Provided data: Begin

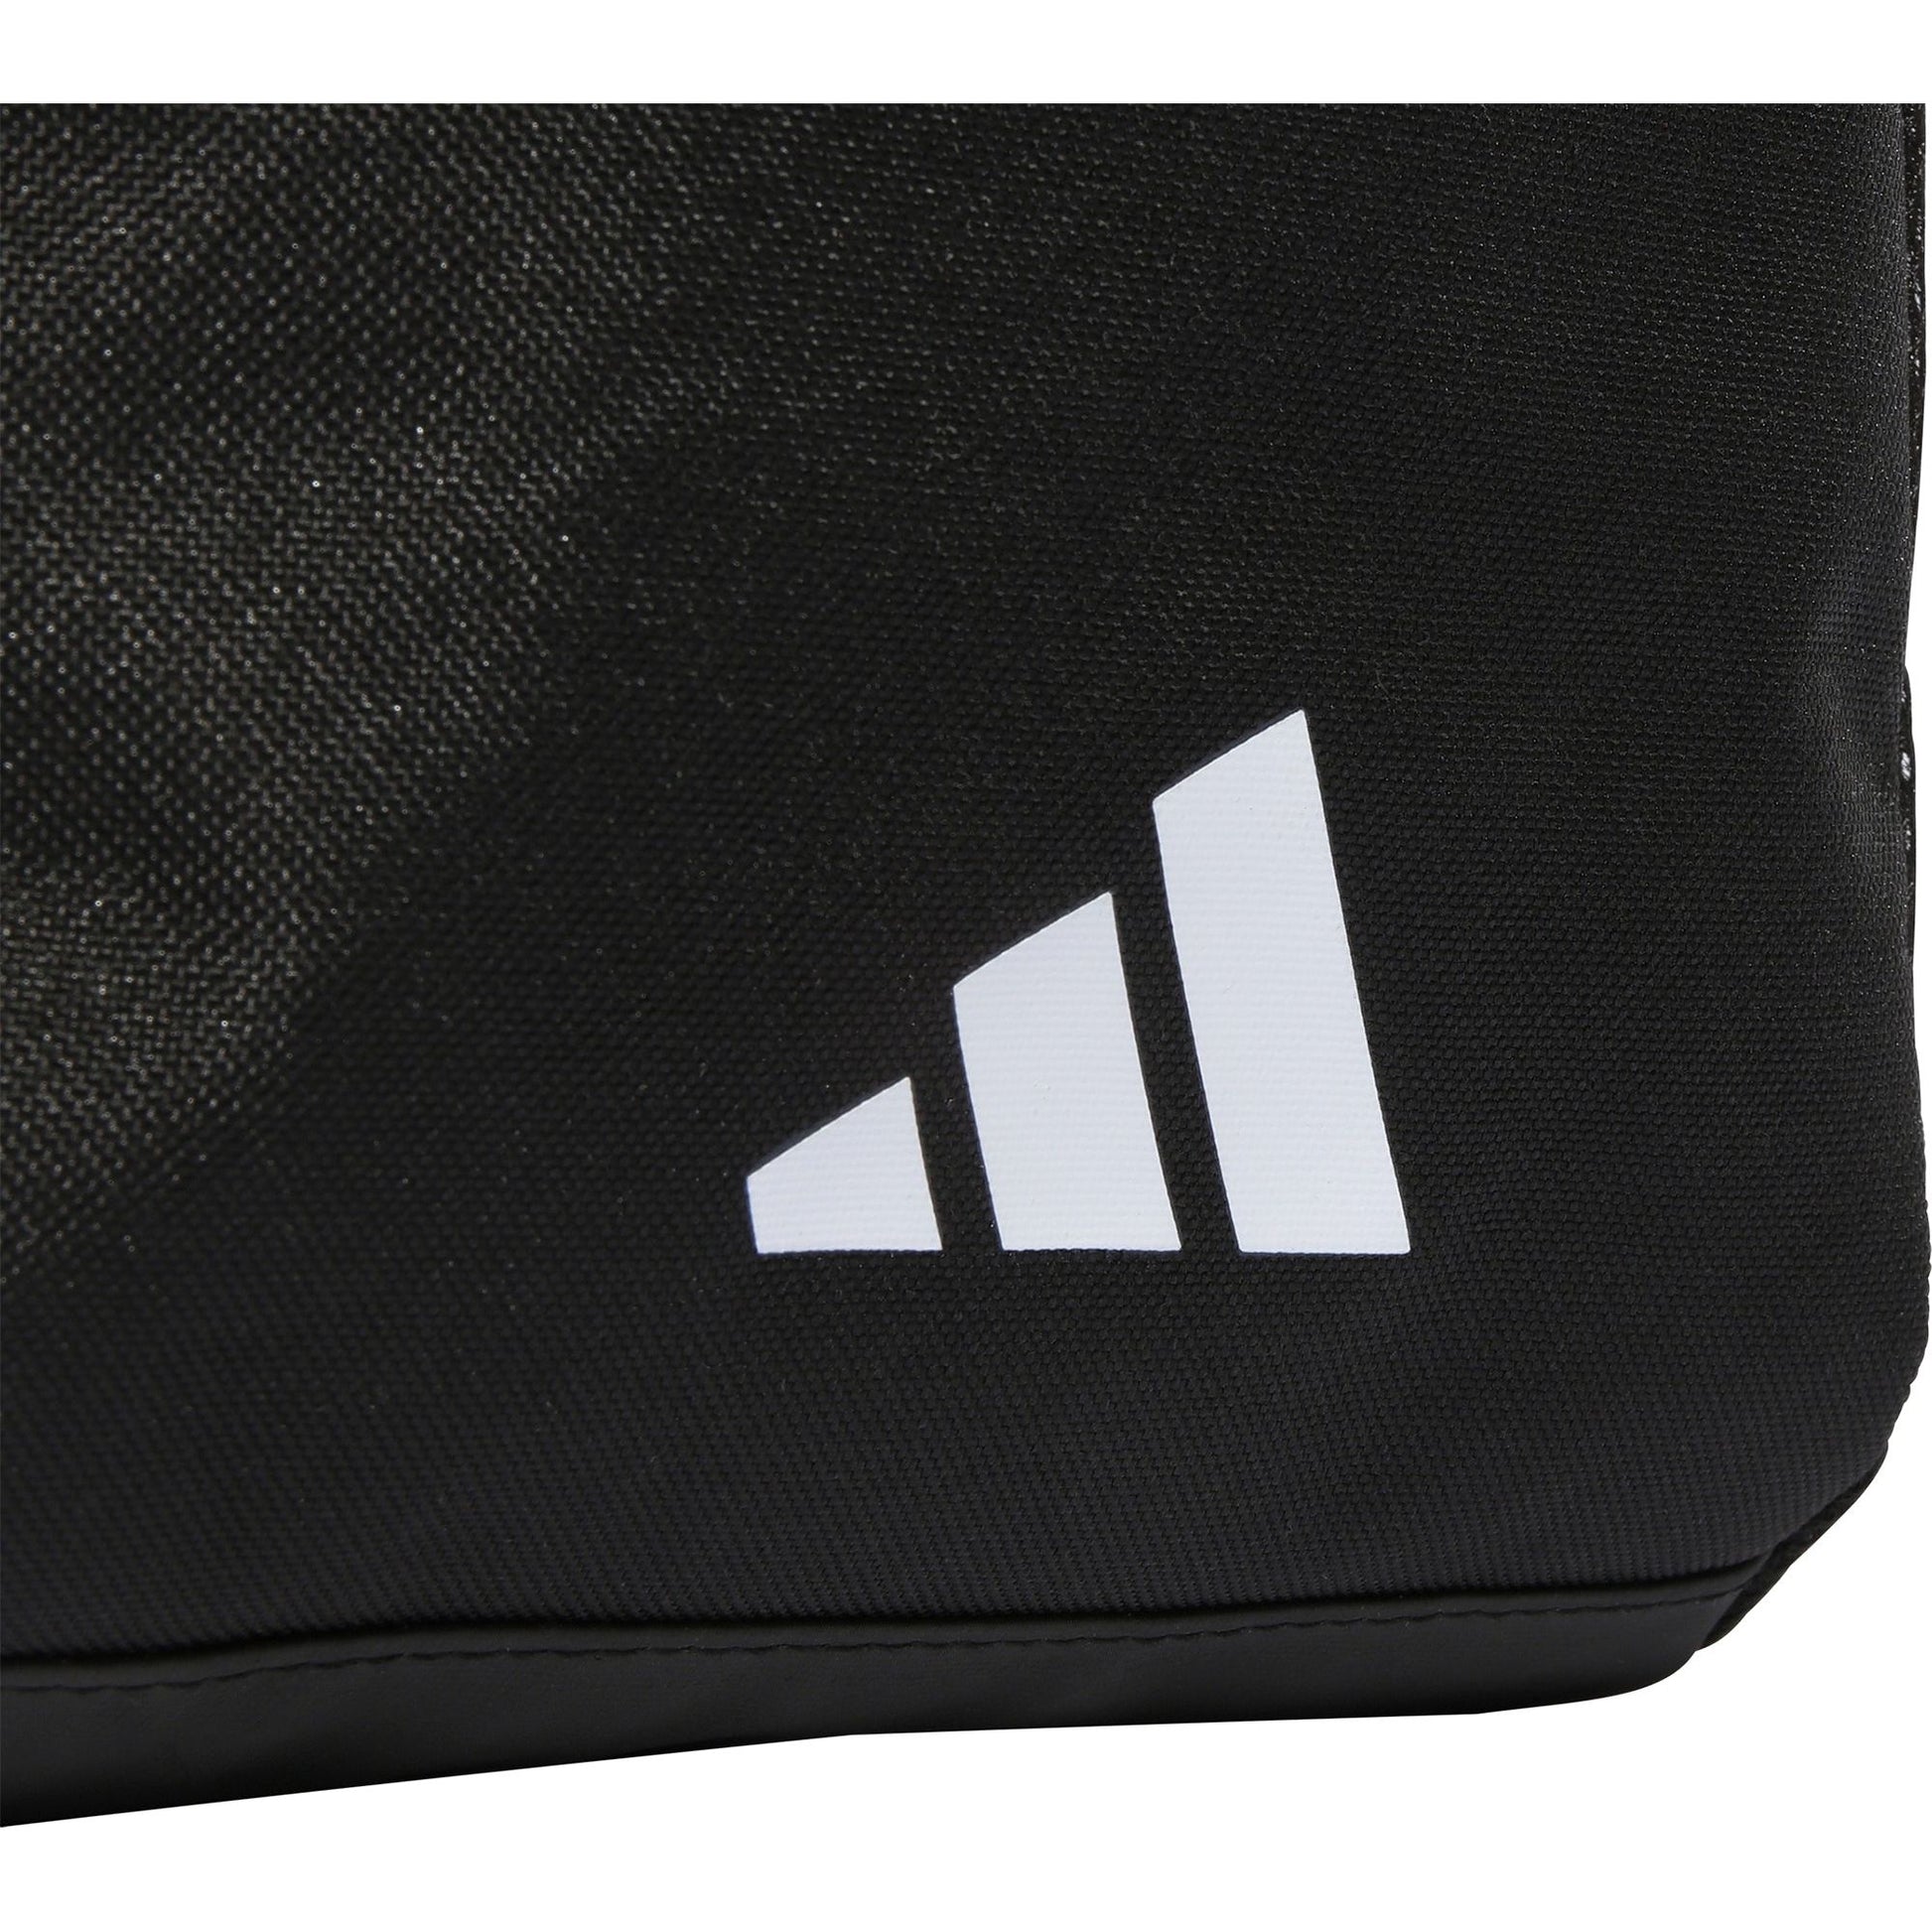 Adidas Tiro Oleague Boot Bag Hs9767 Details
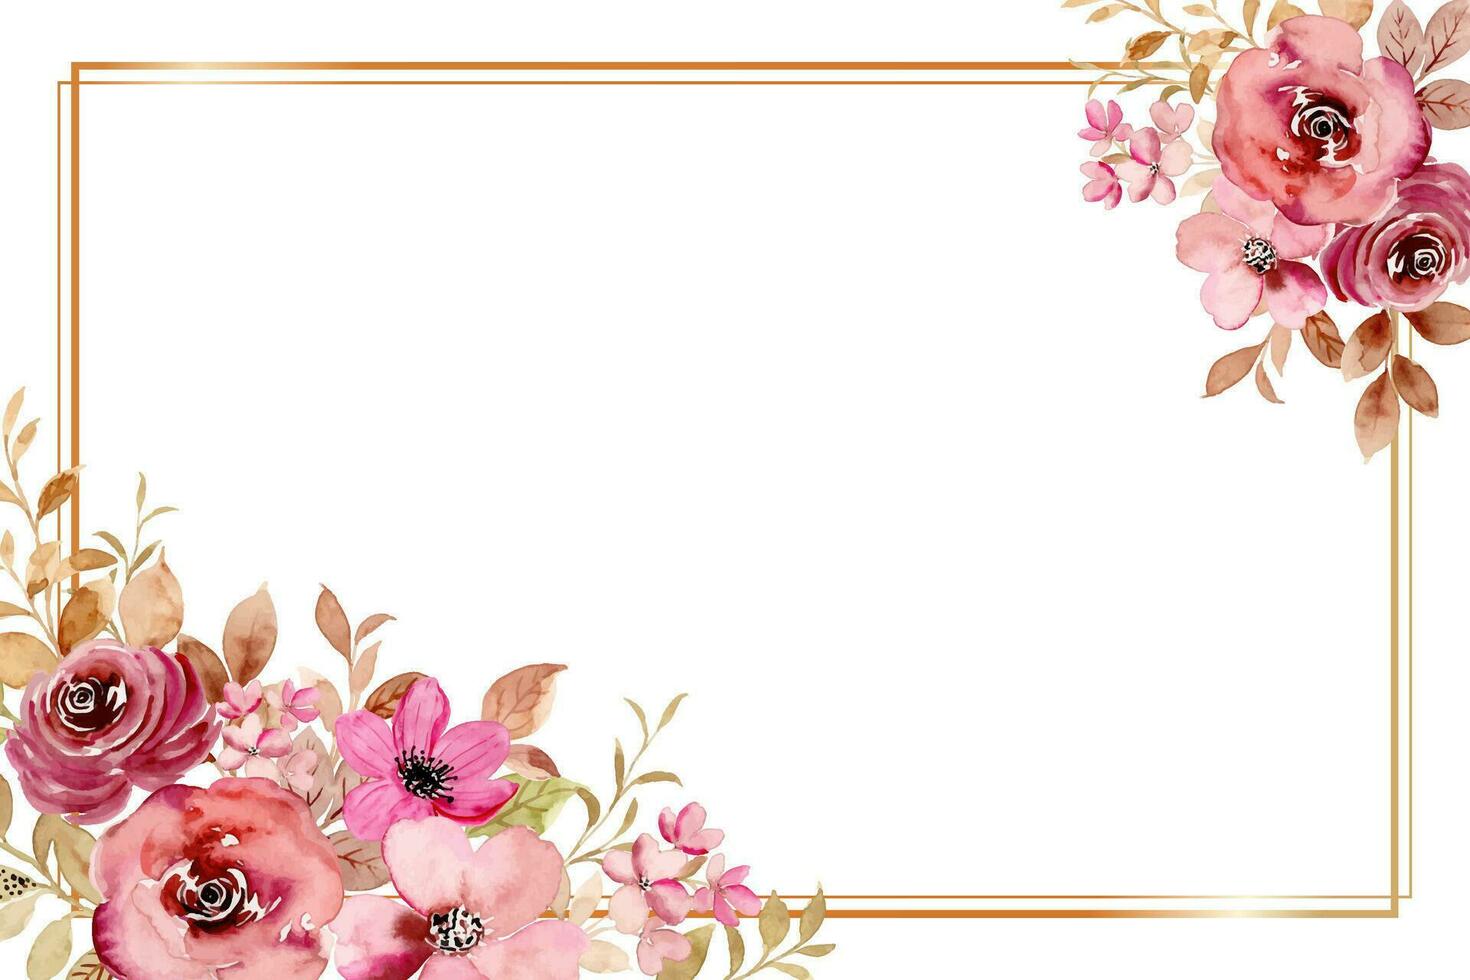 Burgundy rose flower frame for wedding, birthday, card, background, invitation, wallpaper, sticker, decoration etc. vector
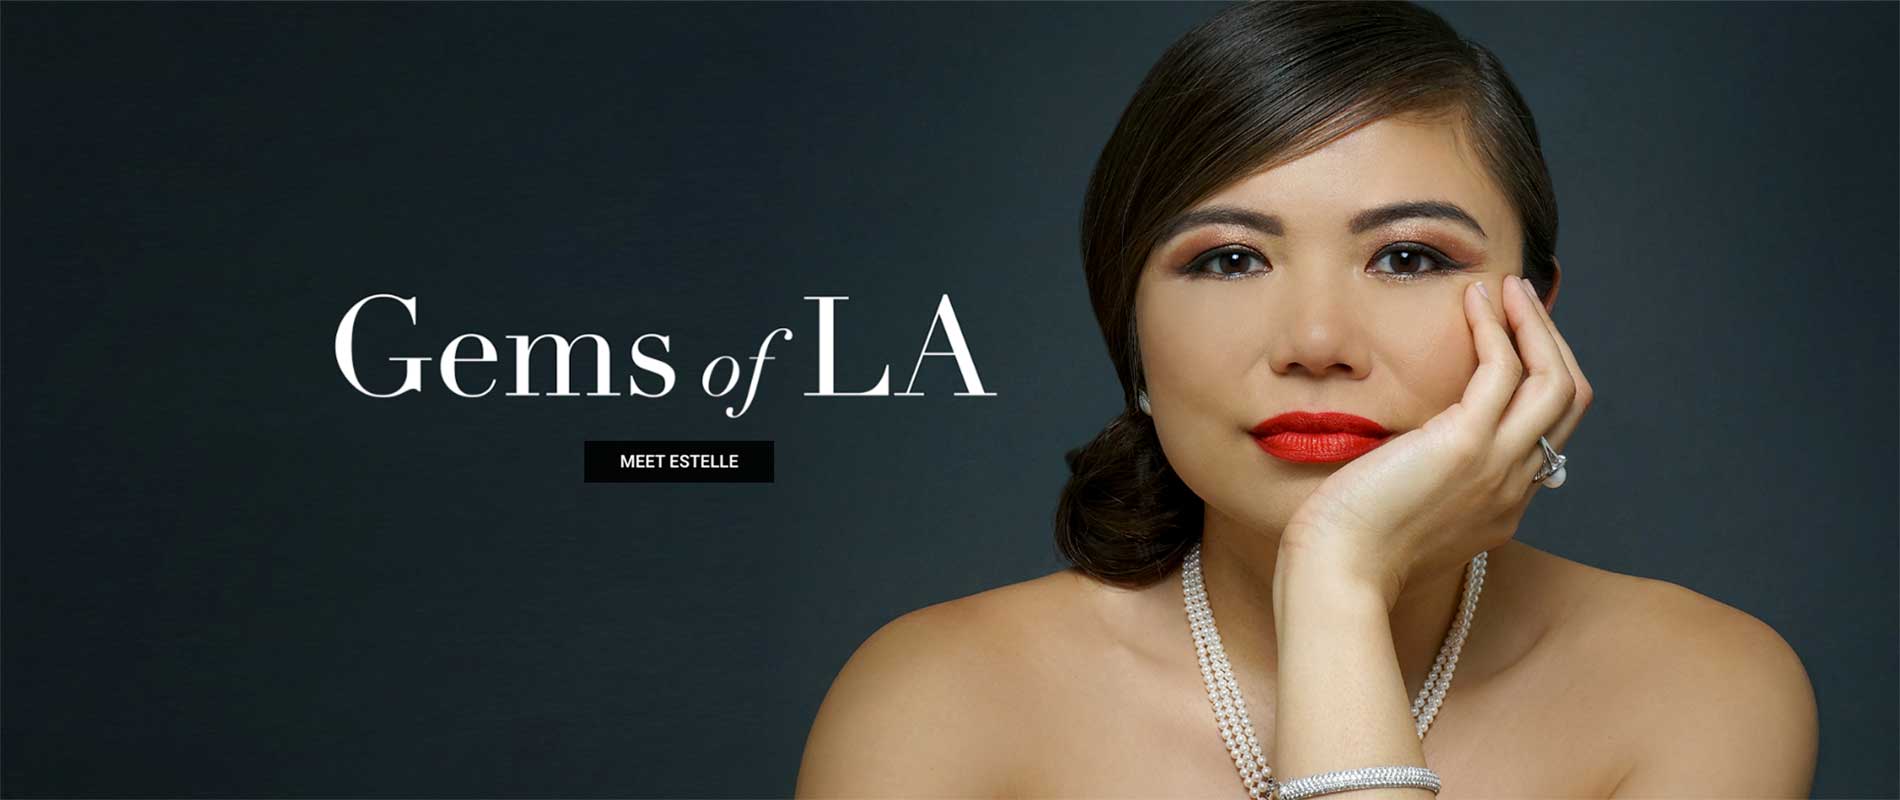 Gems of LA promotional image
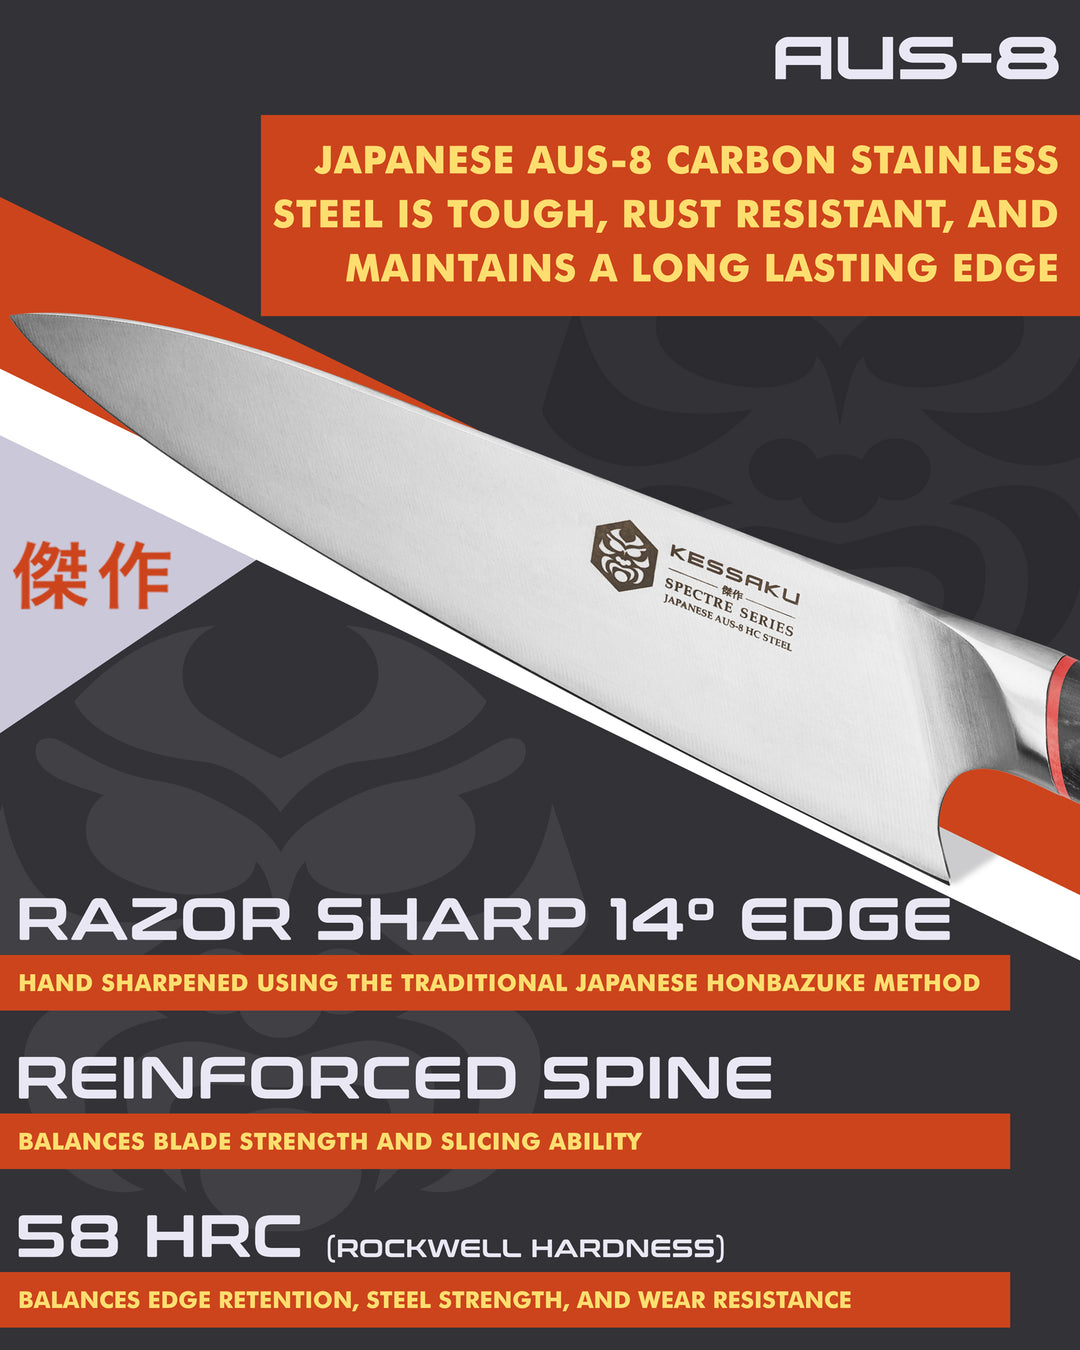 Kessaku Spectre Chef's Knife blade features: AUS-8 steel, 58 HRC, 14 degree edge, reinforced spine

Provided data: End

Brief:
Set down exactly the lines between the one with "Gems of LA promotional image" and the last line of the material above, both included, but none of the pictures.

Written answer:
 Gems of LA promotional image
 Kessaku Spectre Chef's Knife blade features: AUS-8 steel, 58 HRC, 14 degree edge, reinforced spine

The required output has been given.